6 SATA ports on the motherboard

I have a SATAII CARD ROSEWILL|RC-218 RETAIL - Retail ---- 4 drives on this one

I have a SYBA SD-SA2PEX-2IR PCI Express SATA II Controller Card - Retail ---- 2 drives on this one

I did not have a problem until I upgraded to 4.5 final which I guess ignores the HPA or something. I did have my Gigabyte motherboard set to use the bios backup on data disk1 which was no problem until I upgraded to 4.5 final. I had been using 4.5 beta 12 for the longest time with not 1 parity error ever. I have since upgraded the Gigabyte bios and set it to not backup the bios.

 

I am really lost on this one but I really want good parity in case a drive fails.
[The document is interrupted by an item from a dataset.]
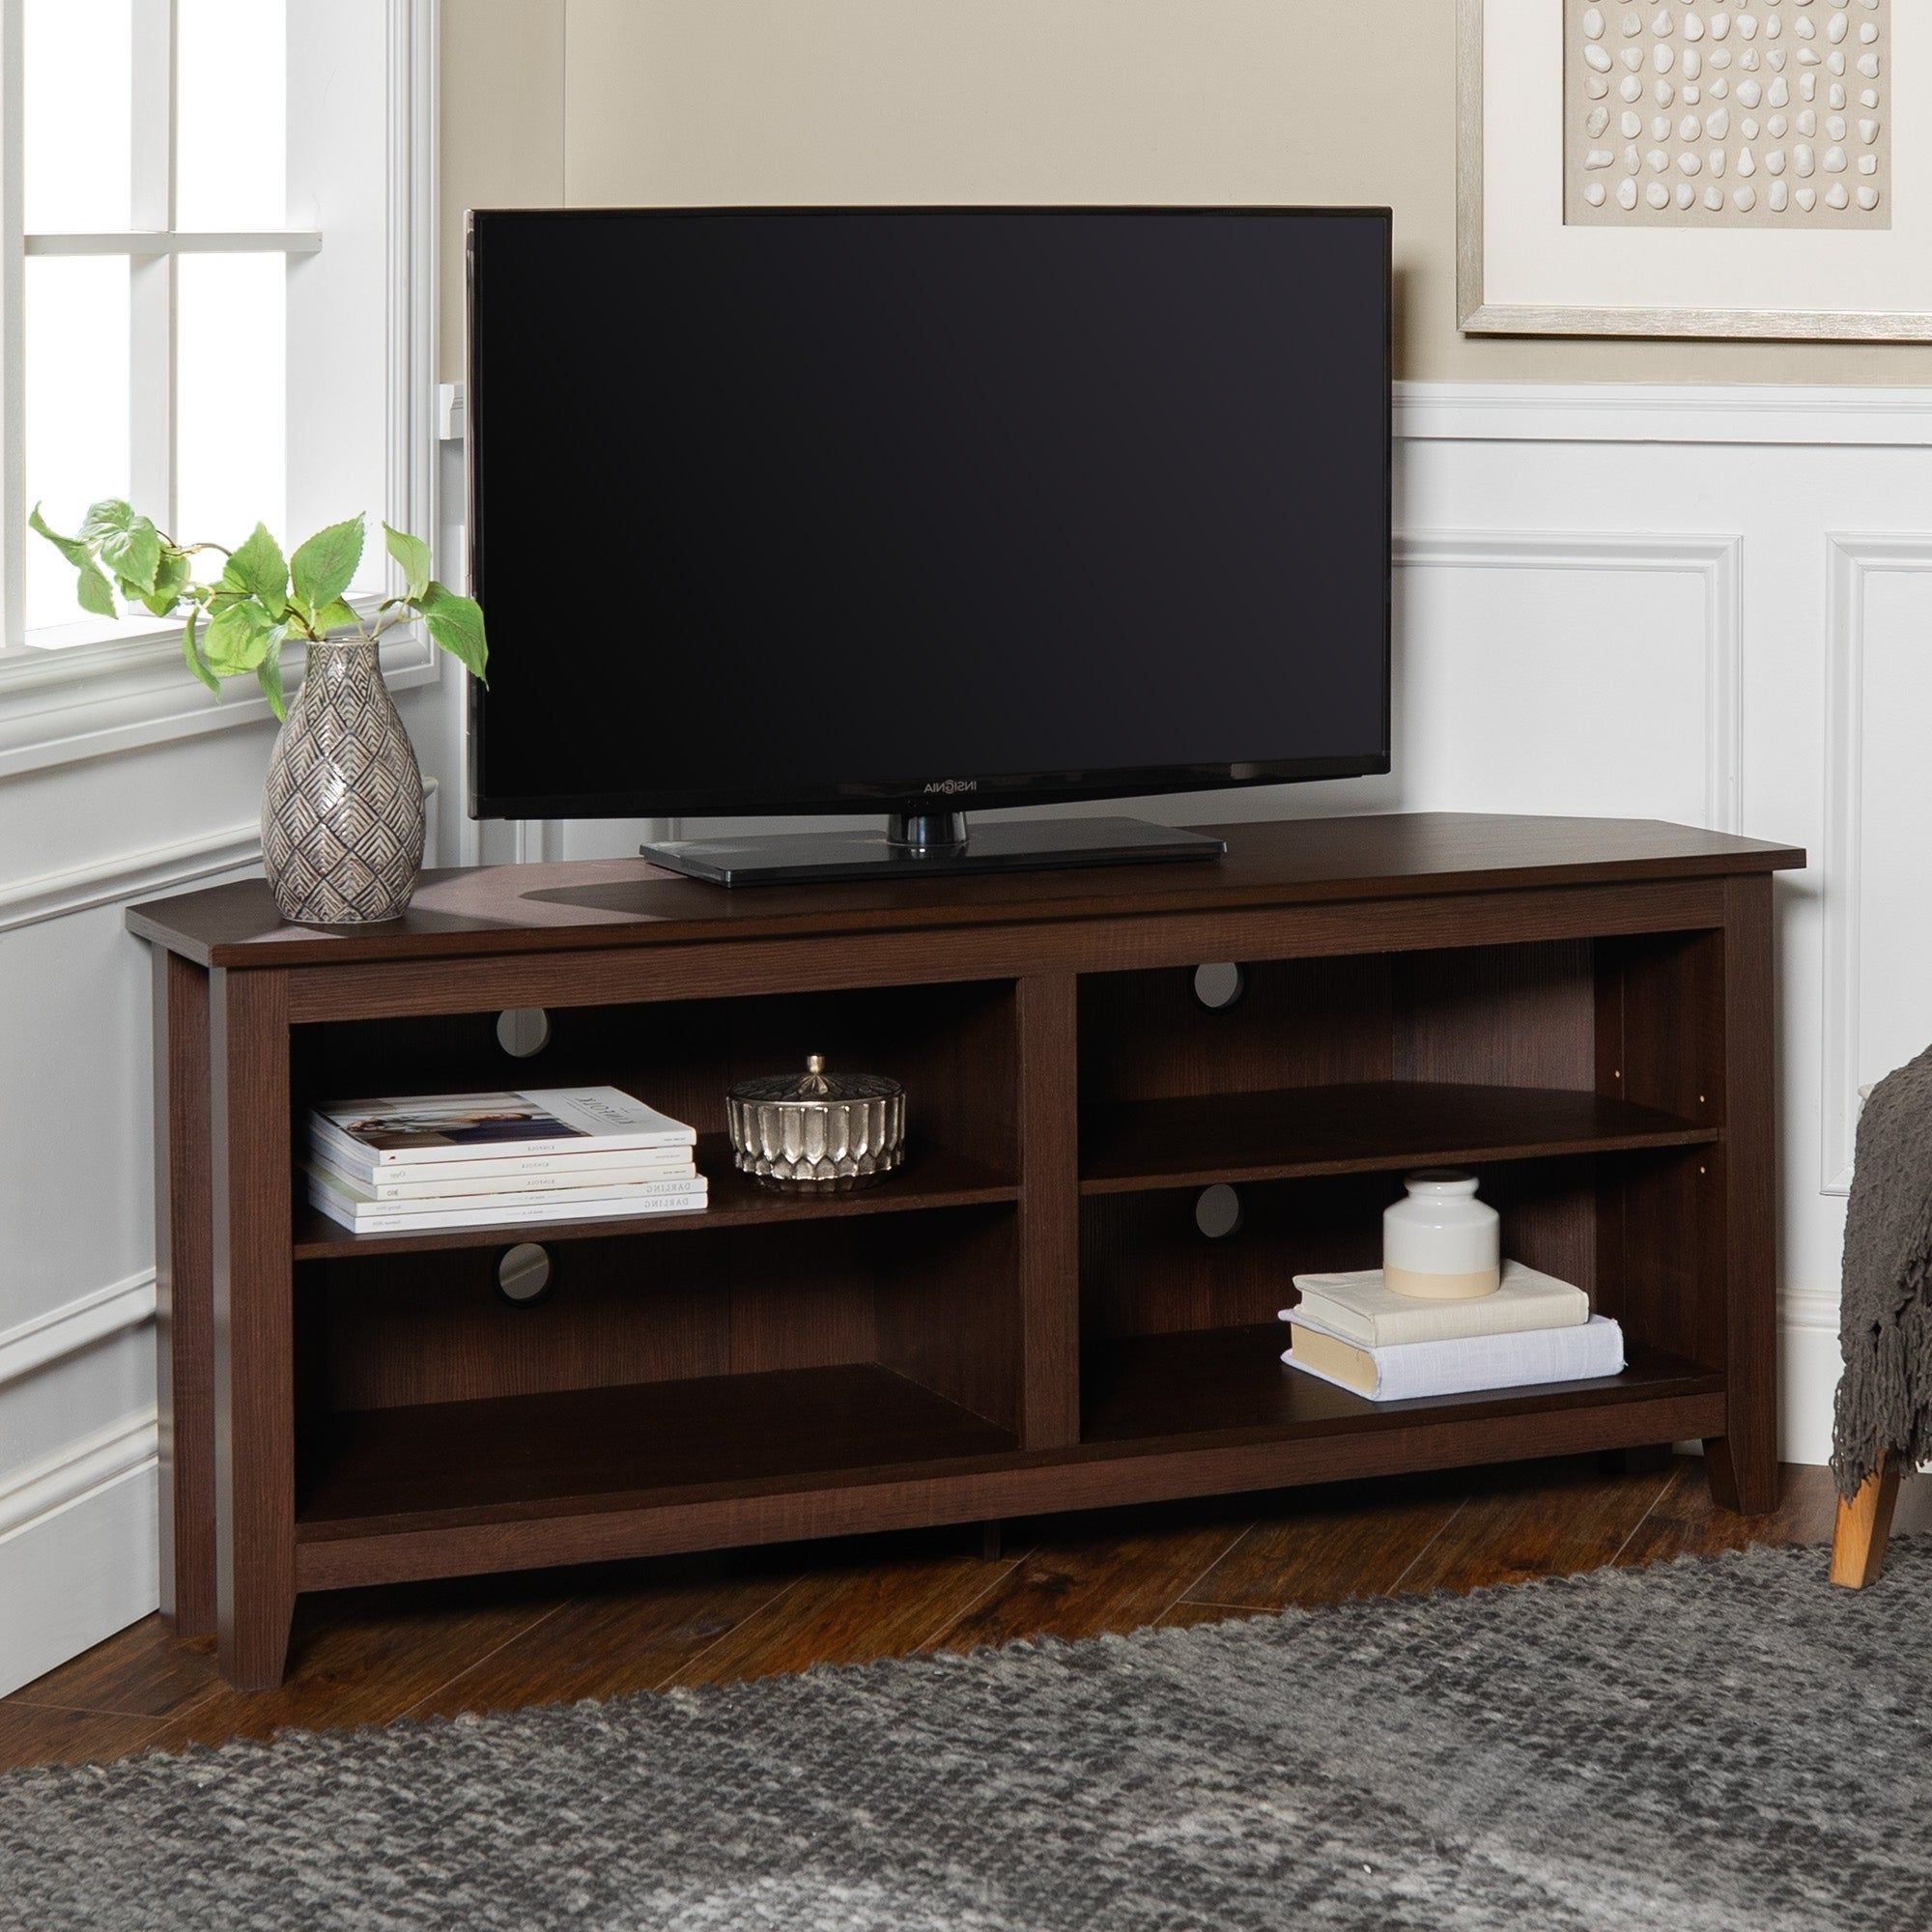 Porch & Den Ogden 58 Inch Espresso Wood Corner Tv Stand Within Latest Jace Tv Stands For Tvs Up To 58" (View 1 of 20)

I would hate to lose of all my hours of loading my blu rays.

 

Link to comment

I ran a full parity check again last night and it finished this morning with 1.5 million sync errors.

I tried running the check again this morning and it keeps giving me lots of errors.

I am wondering if switching back to 4.5 beta 12 will help me or not.

Should I just re-enable the bios backup in the bios.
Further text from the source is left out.